Nursing homes have been hard-hit by the pandemic across the country, but federal data shows New Jersey’s long-term care facilities have had the highest positive case rate and second-highest death rate, based on resident population, nationwide. More than 37,600 COVID-19 cases have been diagnosed among residents and staff at the state’s nearly 600 long-term care facilities — 20% of New Jersey’s total case count since March — and more than 7,000 of these individuals have died, accounting for half the state’s total lab-confirmed fatalities.
Fatalities in veterans homes
New Jersey’s state-run veterans homes have also suffered significantly under COVID-19. Data from these facilities is tallied separately from other long-term care sites but shows at least 650 residents have been diagnosed with the virus, and 146 have died.

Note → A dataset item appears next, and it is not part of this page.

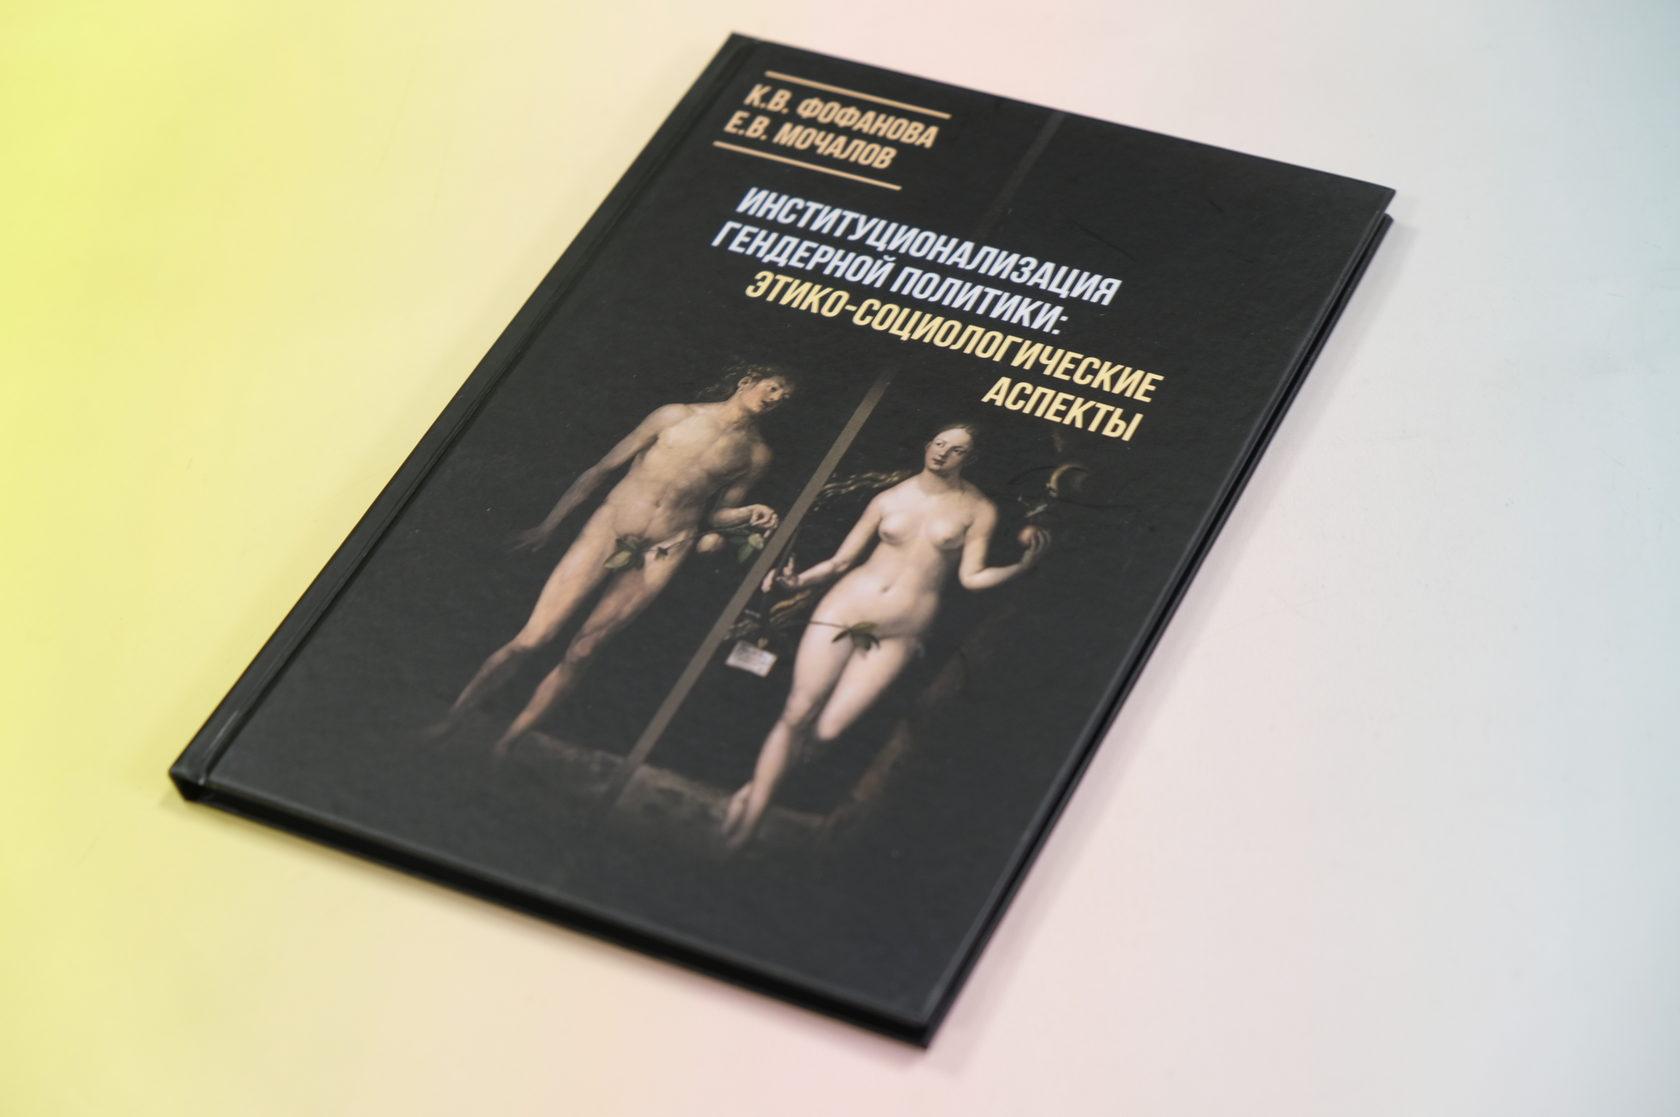 Фофанова К. В. «Институционализация гендерной политики: этико-социологические аспекты» 978-5-7493-1939-2
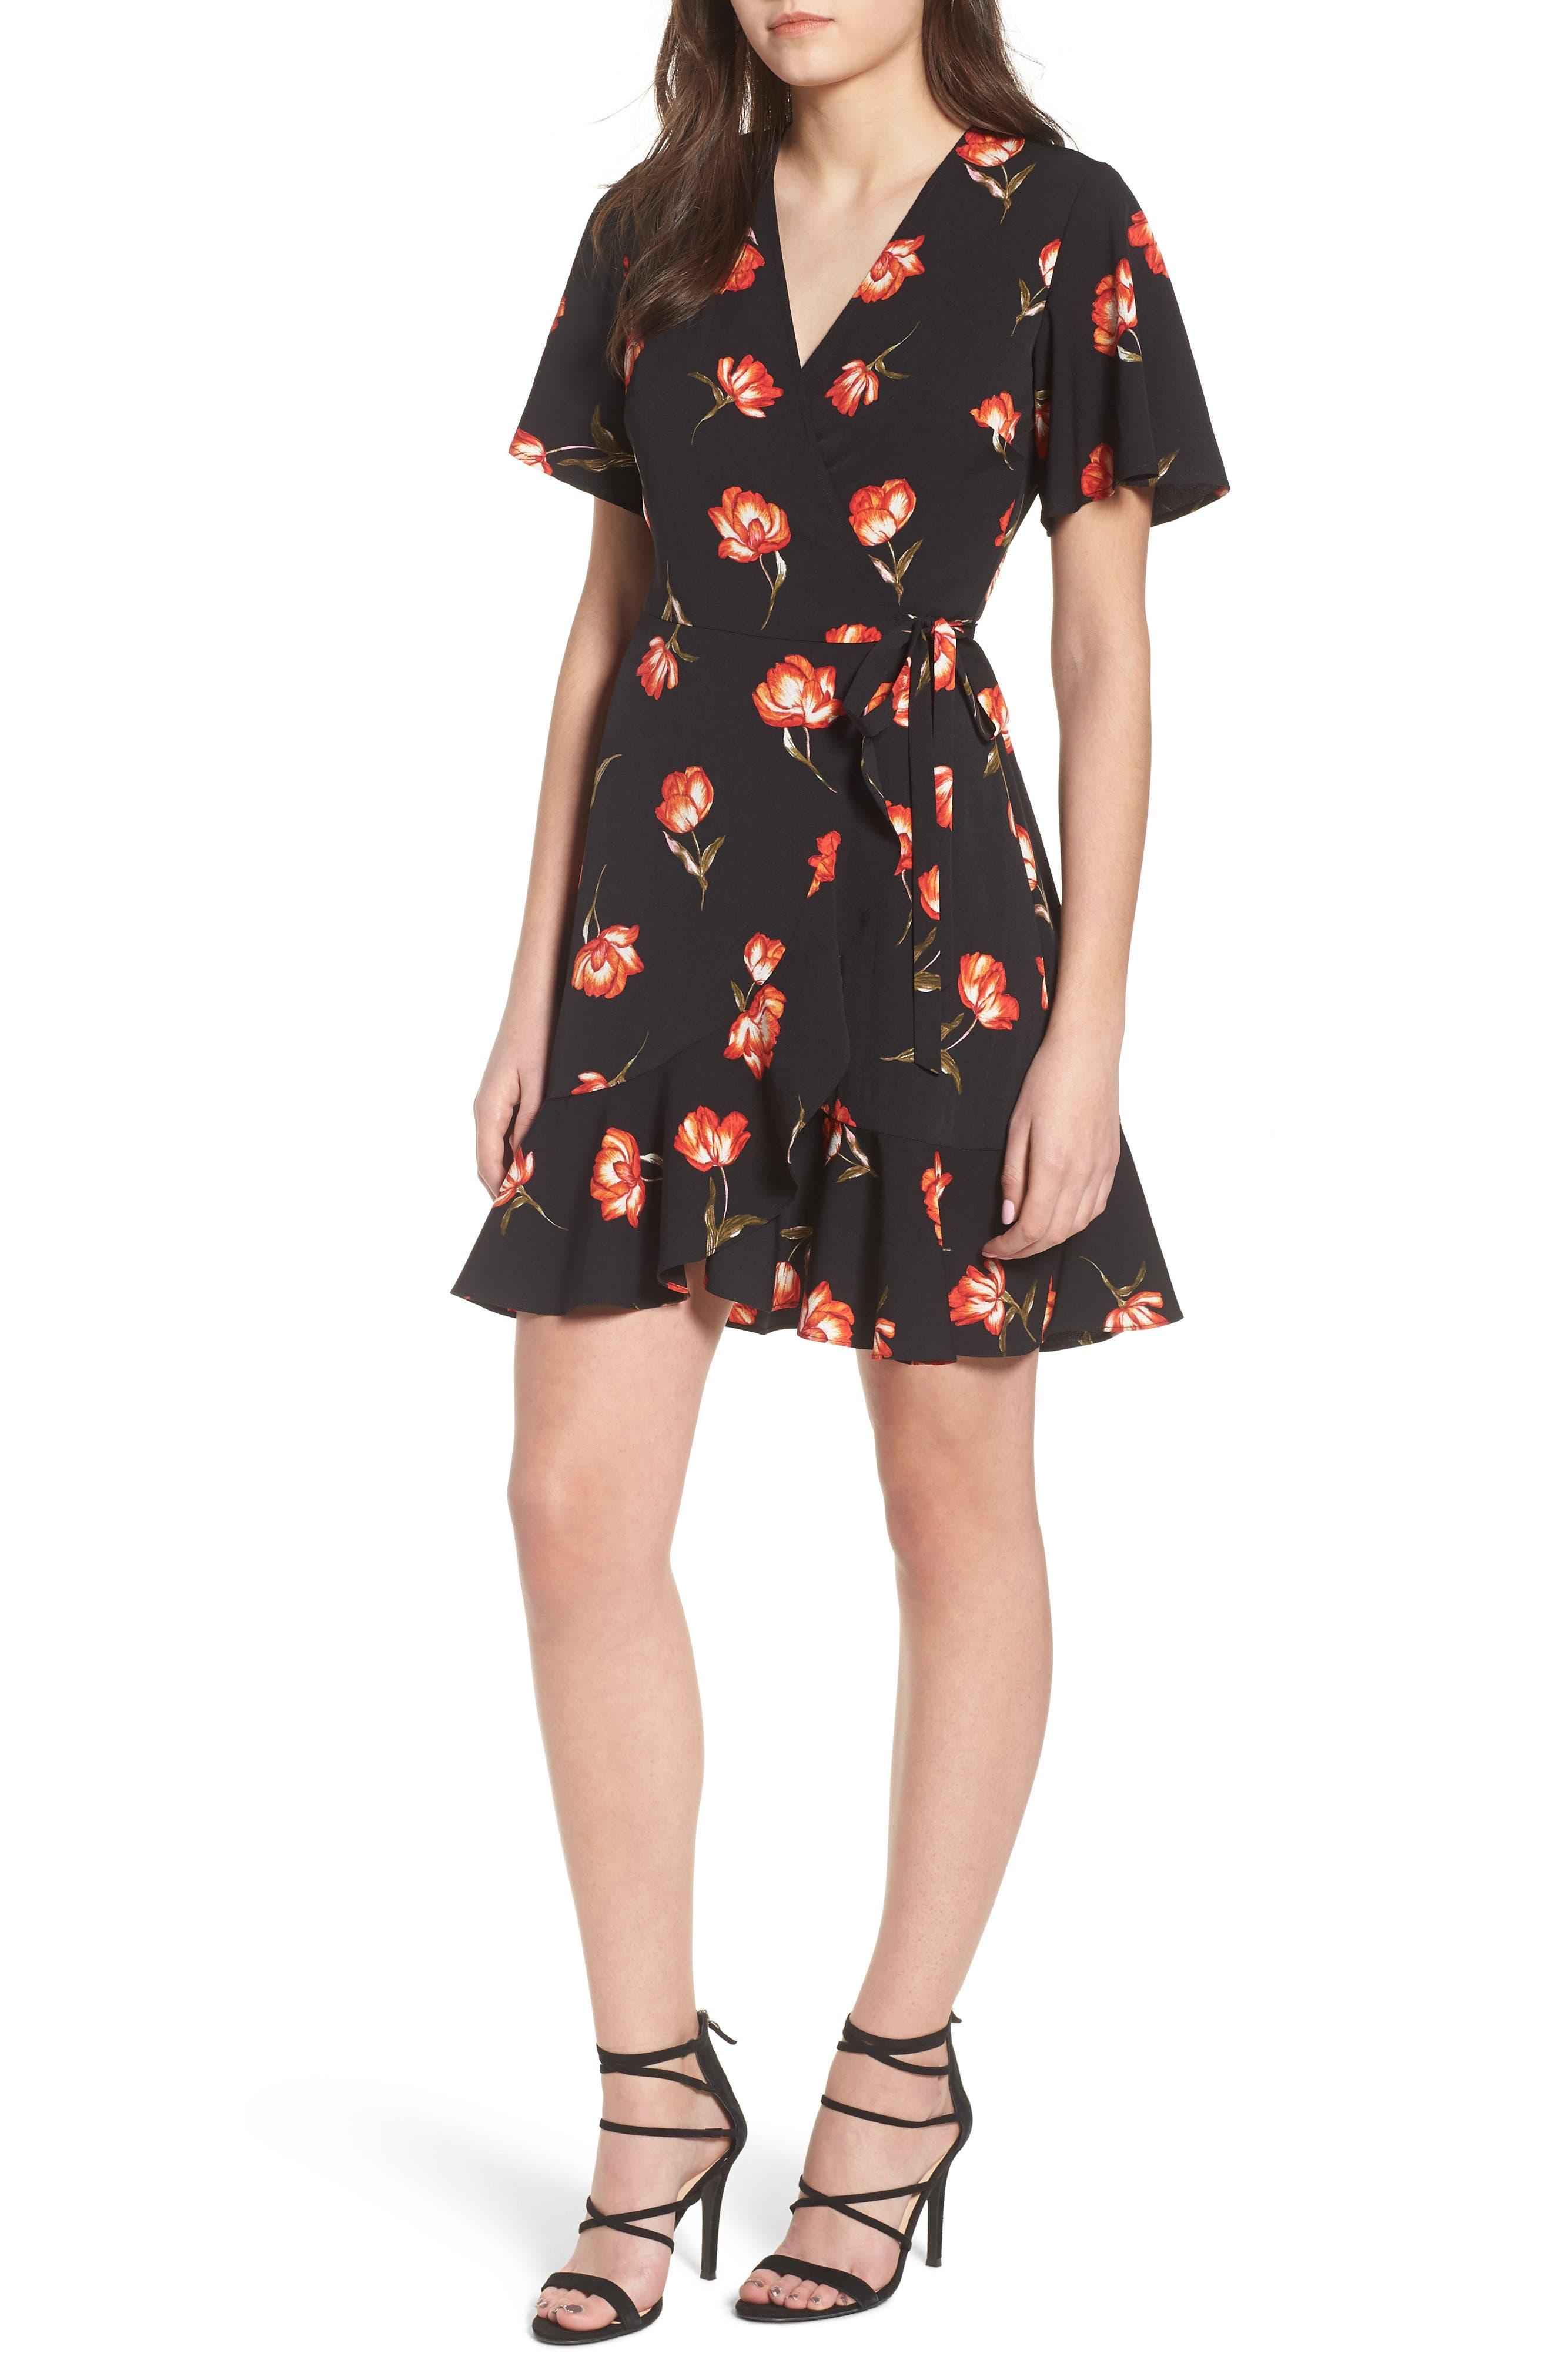 Lucy Floral Wrap Dress,                             Main thumbnail 1, color,                             Black Floral

But veterans and resident advocates testified Thursday that they suspect the total number of fatalities at these facilities is higher. They described how the workforce dwindled as more people became sick and administrators told frontline workers not to use gloves or masks in order not to frighten residents or kept the more effective equipment for themselves.
“Even in combat you wanted to be counted where you died and when you died,” said Glenn Osborne, an Army vet who heads the resident council at the New Jersey Veterans Memorial Home in Menlo Park, where he also lives. “Their friends and their families deserve better,” he added, noting, “Sadly, today there’s only 167 residents left.”